■ Task description: Reproduce the records below in full and word for word, excluding pictures.

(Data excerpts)
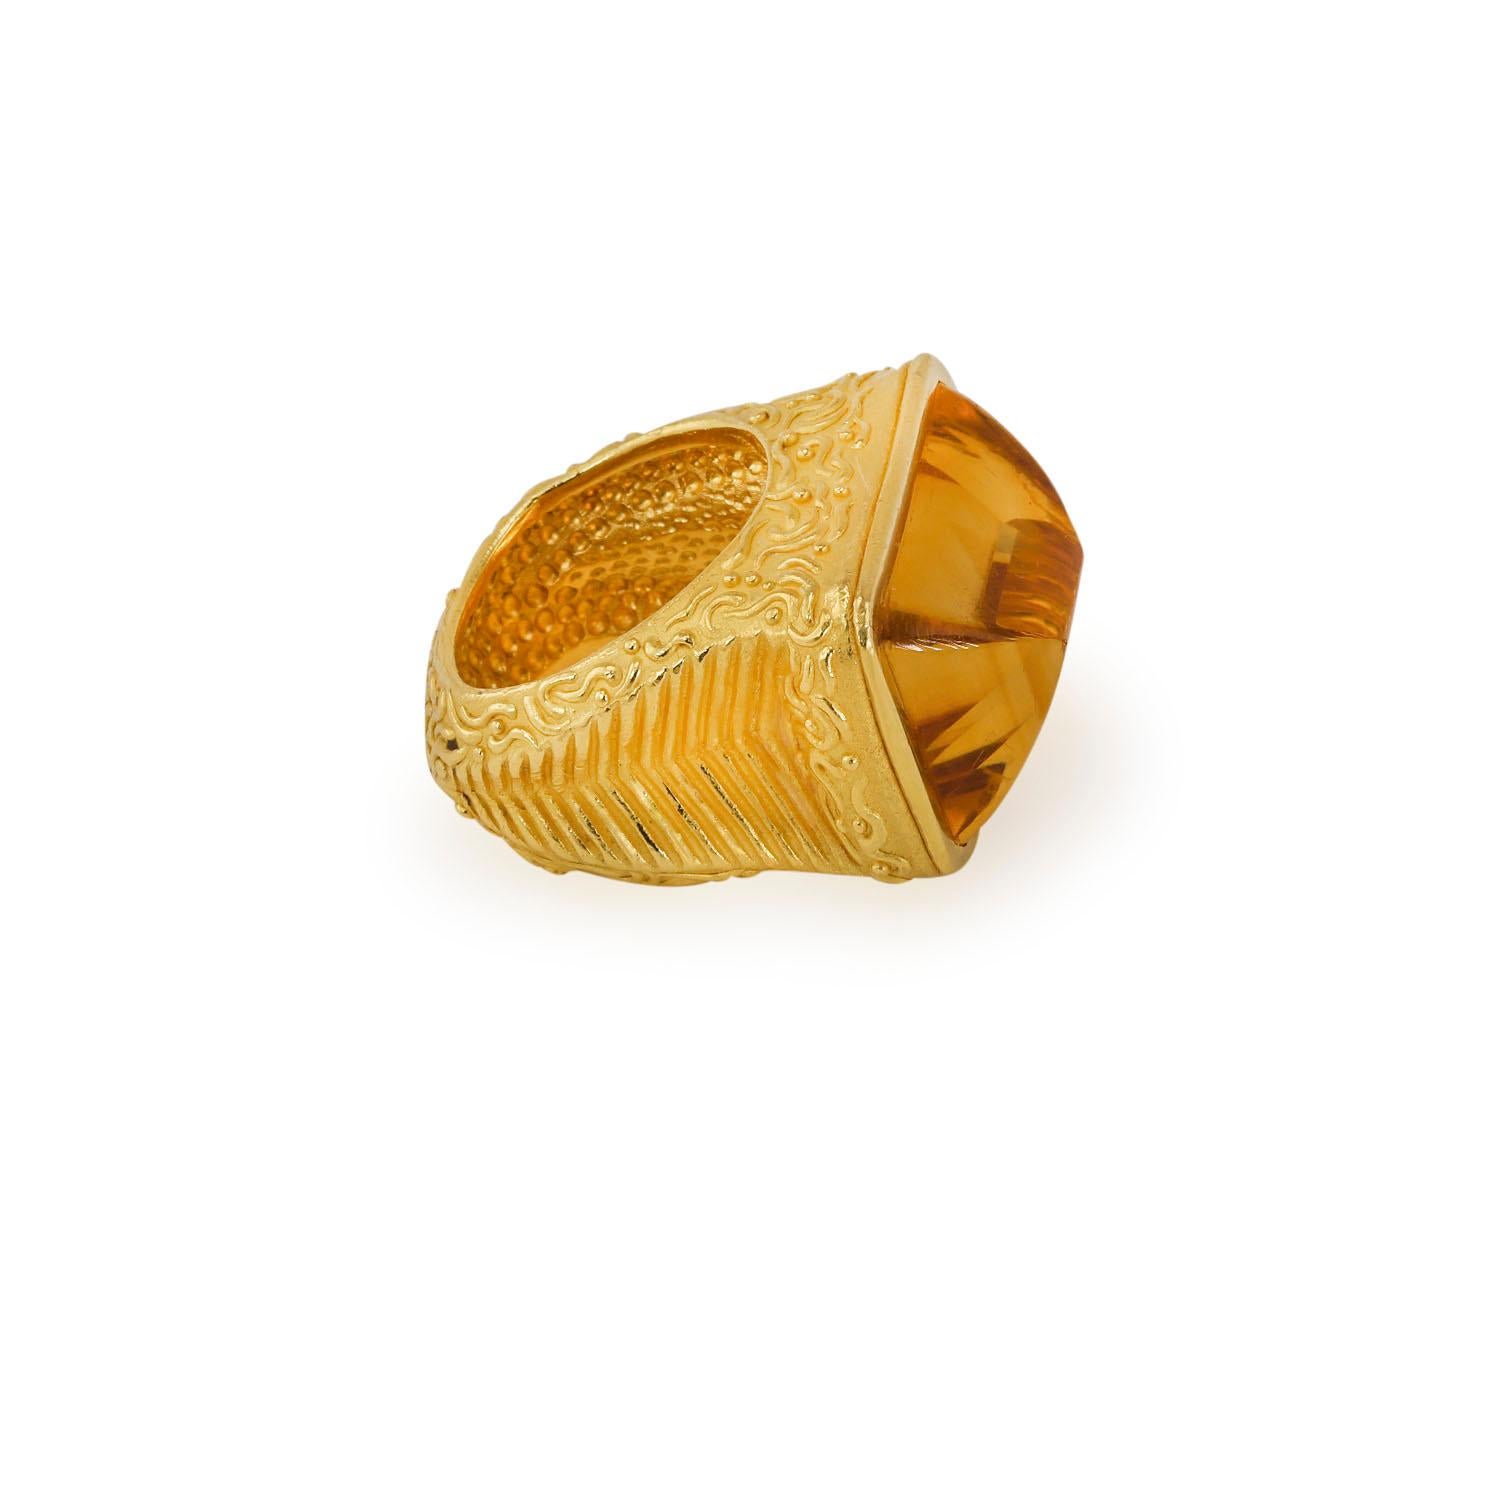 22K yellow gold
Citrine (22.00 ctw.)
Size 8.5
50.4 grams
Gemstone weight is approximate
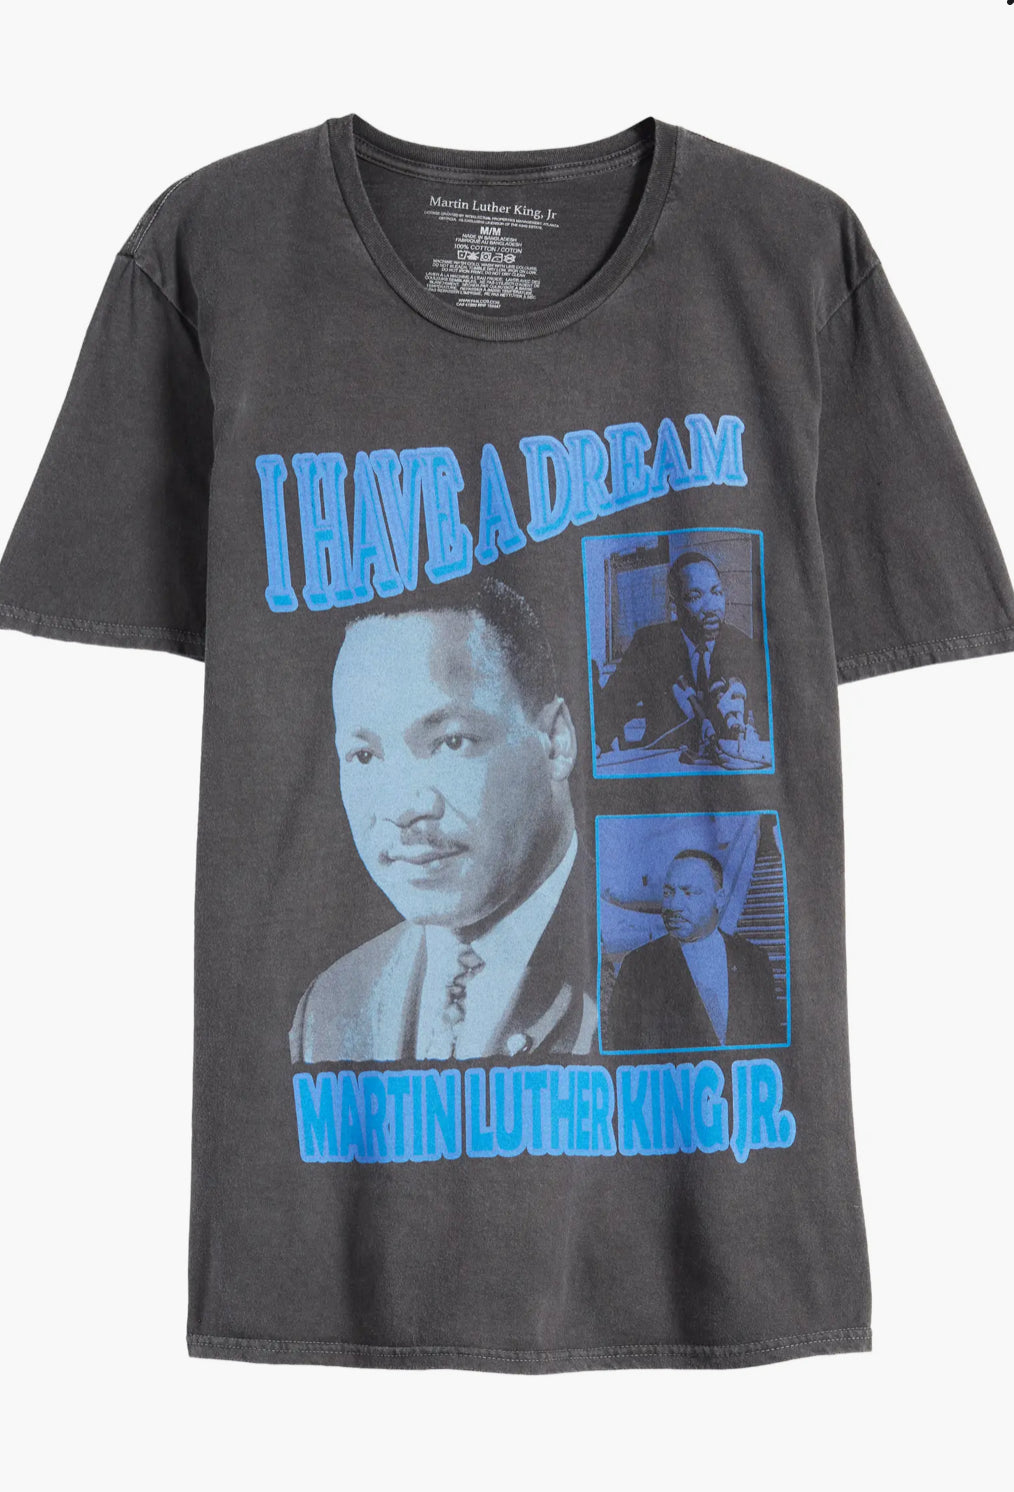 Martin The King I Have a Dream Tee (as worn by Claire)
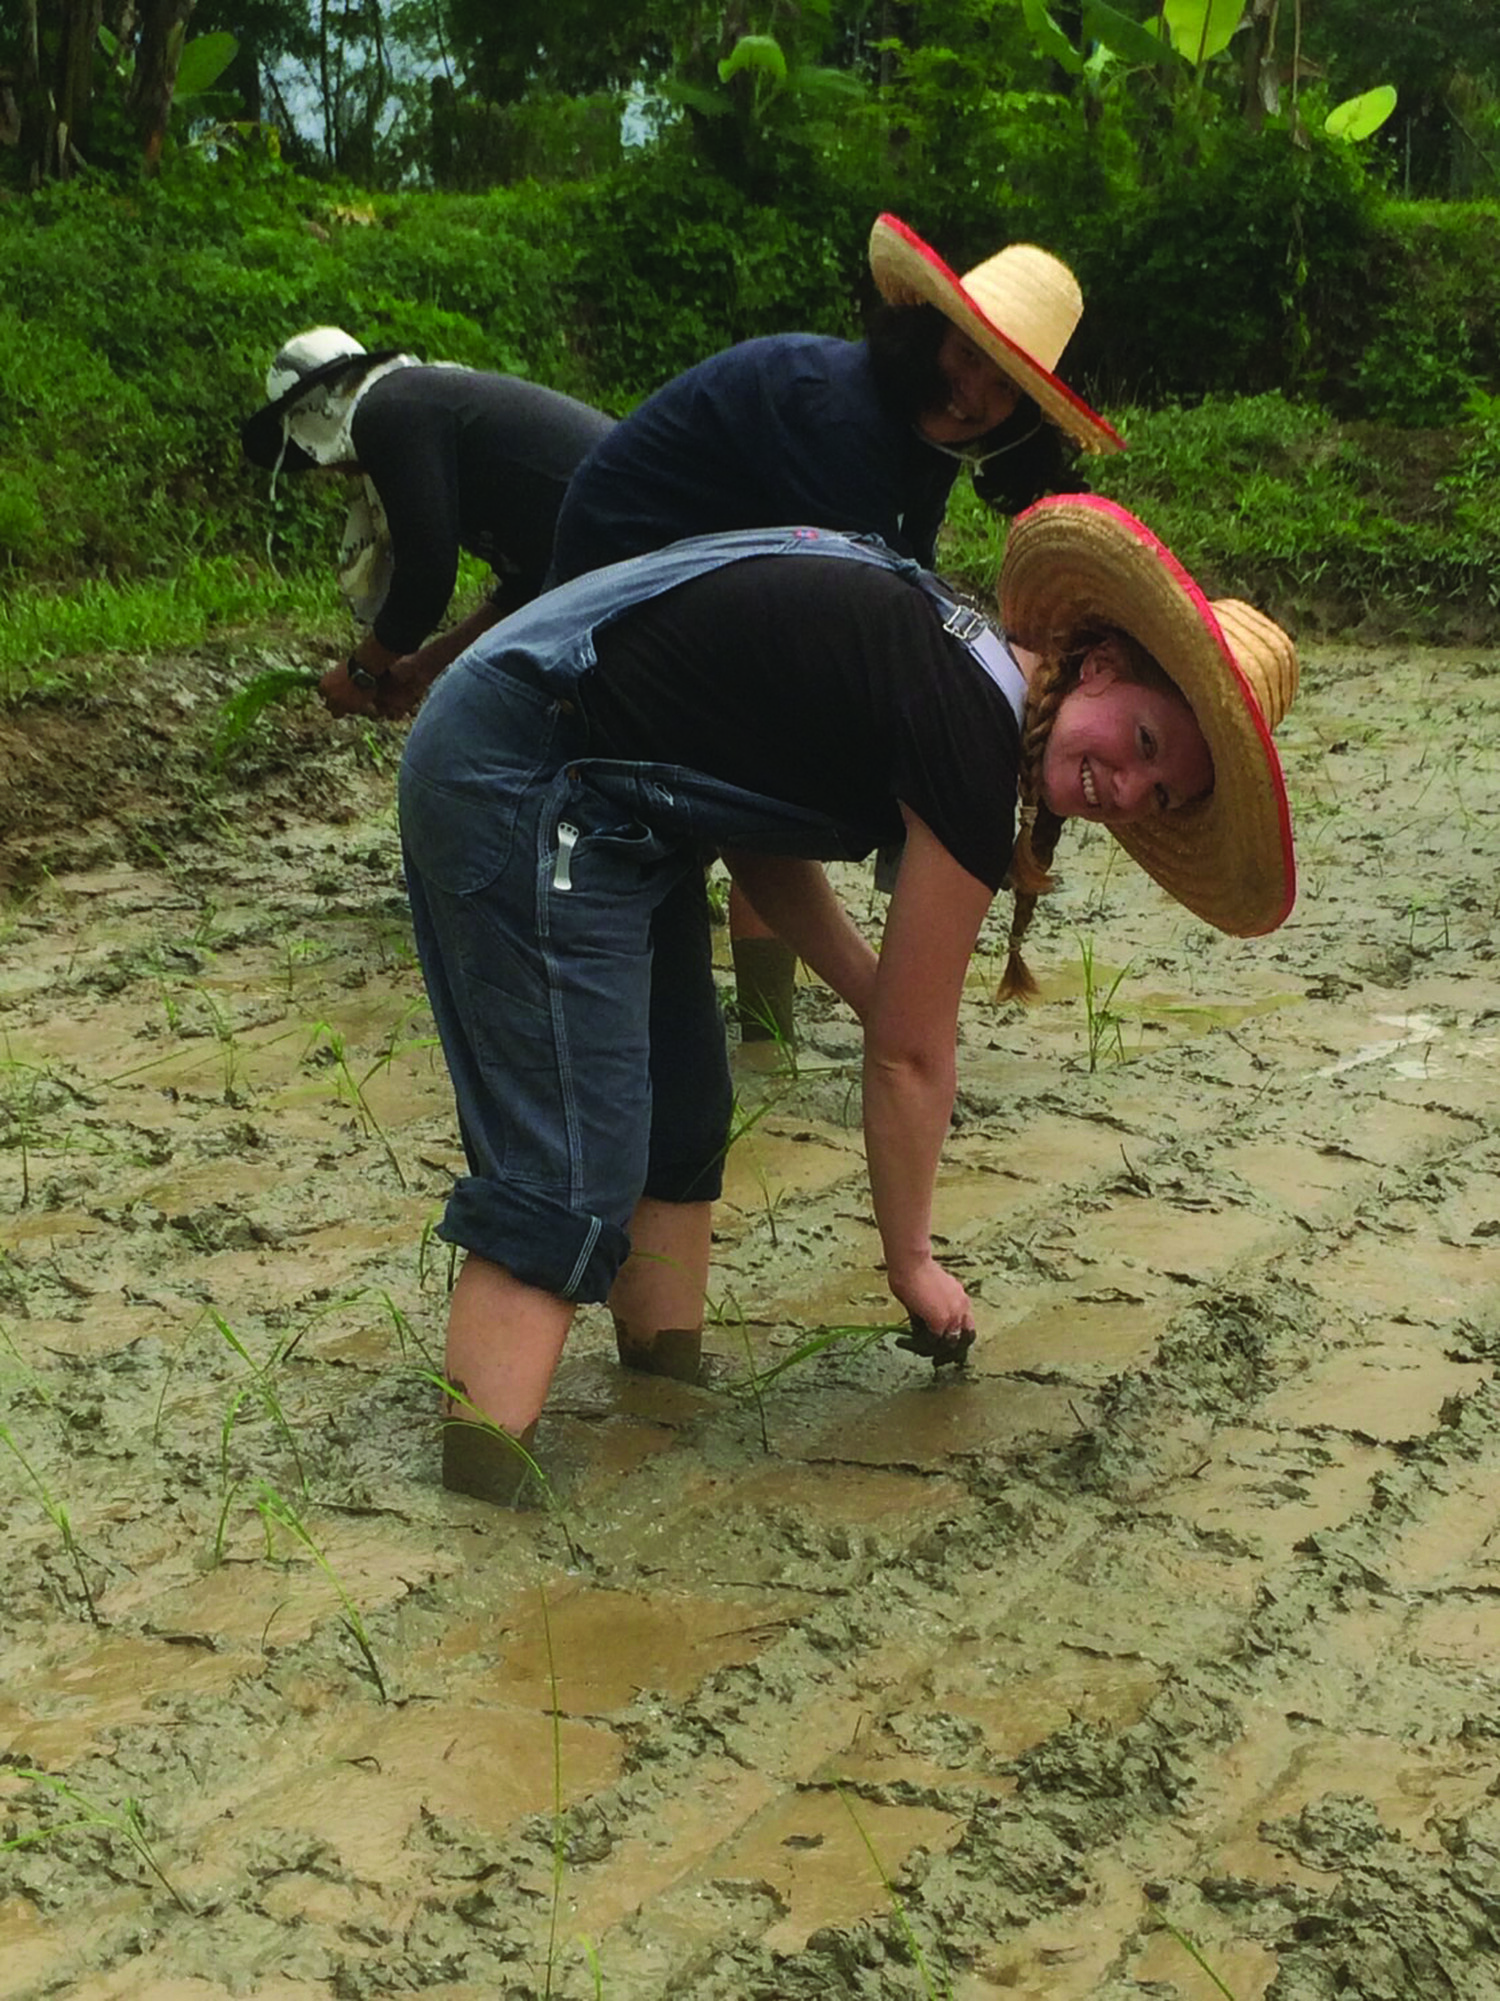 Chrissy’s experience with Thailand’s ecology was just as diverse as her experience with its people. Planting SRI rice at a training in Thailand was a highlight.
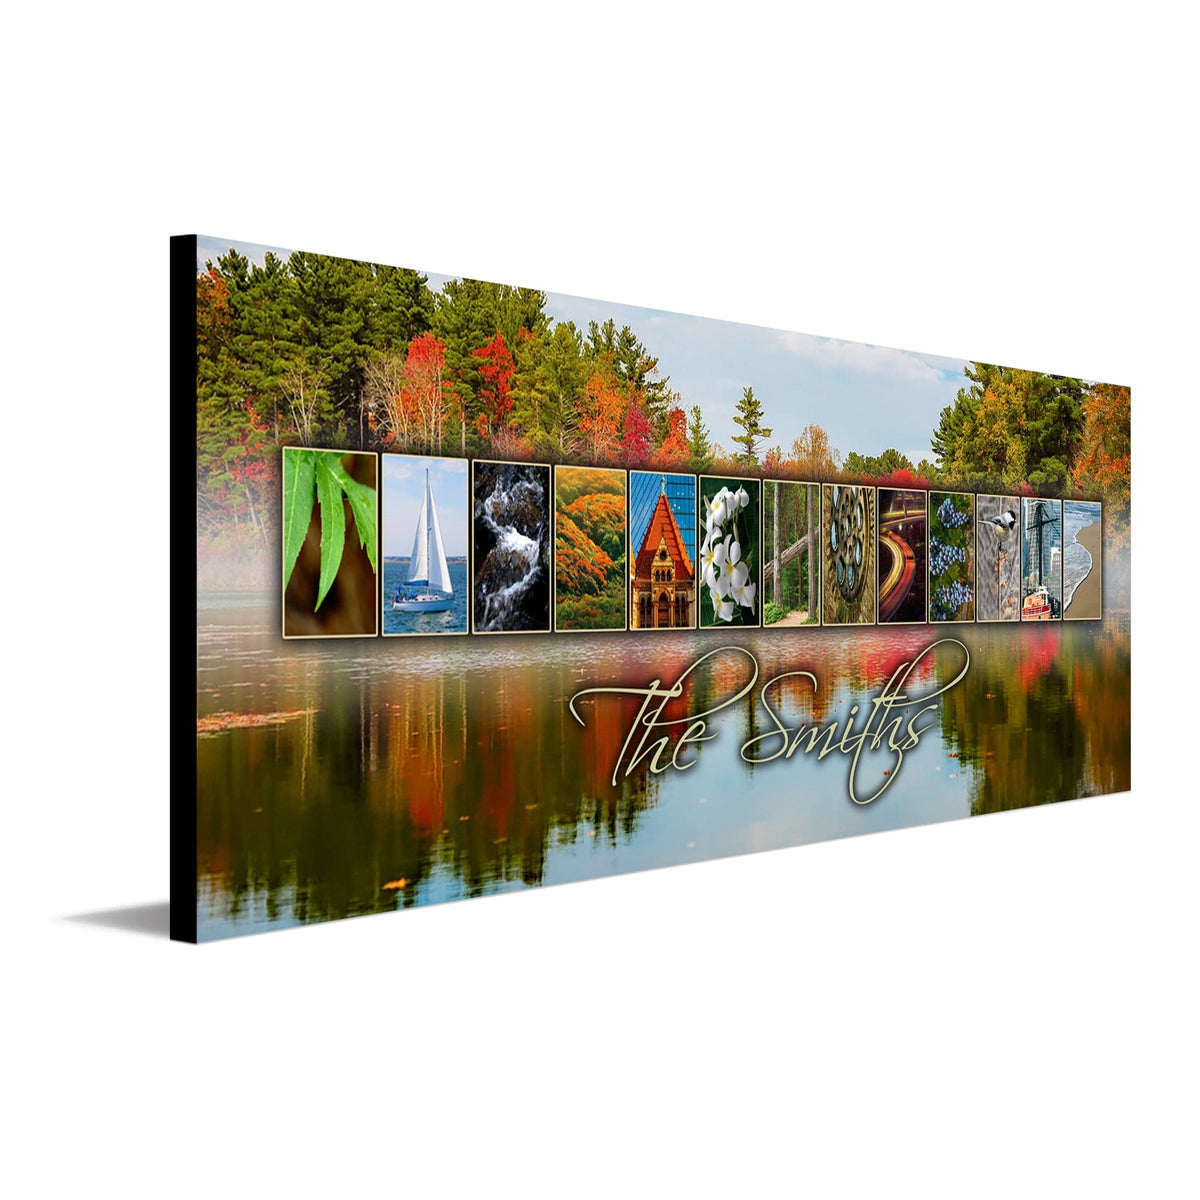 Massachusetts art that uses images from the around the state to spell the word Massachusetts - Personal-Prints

■ Completed exercise:
 22K yellow gold
Citrine (22.00 ctw.)
Size 8.5
50.4 grams
Gemstone weight is approximate
 Martin The King I Have a Dream Tee (as worn by Claire)
 Chrissy’s experience with Thailand’s ecology was just as diverse as her experience with its people. Planting SRI rice at a training in Thailand was a highlight.
 Massachusetts art that uses images from the around the state to spell the word Massachusetts - Personal-Prints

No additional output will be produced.